More men than women doesn’t mean that bad behavior drove women out – any more than two male friends are evil, if they get together without a corresponding pair of females to chaperone them.
Some interest groups are just differently balanced, but less exclusionary and more friendly than general society. When a group is open and growing – there’s no need to trash some members to make room for others. When the power is in the individual to join just by saying you like it – if you want the numbers to change, the real solution is to invite your friends to make it how you want it to be.

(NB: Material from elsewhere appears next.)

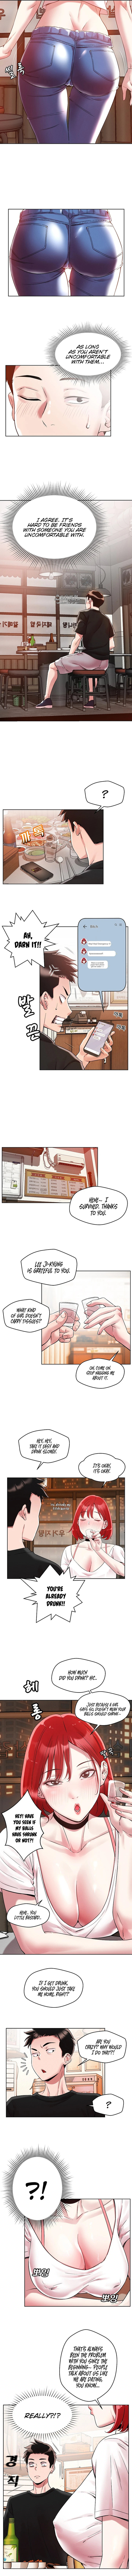 How did we get here Lee Ji-Kyung - Chapter 1 Page 5

* Not everything’s binary, but “cis” fits the vast majority of people being divisively labeled – who are so flexible about identity that they cross species for fun.
Beef with a Horse
The above link was a look at why Furry fandom has many guys. It happened way back in the first month of this blog. There was a response from JM Horse at the Adjective Species blog. It’s really hard to be nice about it, because it’s full of misleading and false distortions, even though it attempts to couch them with pleasantries. Even worse, it unfairly undermines a group I love, and slanders me. That’s just not OK. The nasty impression it makes is still clouding the air like a steaming pile of horse crap. Let’s see why.JM’s post is dishonest starting with the title, “Dogpatch Press on Women”. It suffers from problems like these:
1) It rips quotes way out of context, to mischaracterize small pieces apart from extra-super-lengthy reasoning in a post with the title “all HUMANS welcome”. It bends over backwards to force them into an agenda to prove “inherent sexism”.
2) It distorts an entire forum thread of women’s experiences in Furry fandom, pretending they support JM’s beliefs, when they actually give healthy dispute. It’s another sign of the “dearth of public support” that he references. It comes not from outside haters, as he asks you to believe – but from the very people he tells he knows what’s best for them. Brainwashing does tend to rub people the wrong way. (A good reader comment about that.)
3) I’m libeled as “”egregiously sexist”” for daring to disagree that a group of shared interest has a problem measured by bodies. Of course I don’t like sexism. I also don’t pre-judge people for debatable offenses done by others. I respect them as conscious and capable of independent thought.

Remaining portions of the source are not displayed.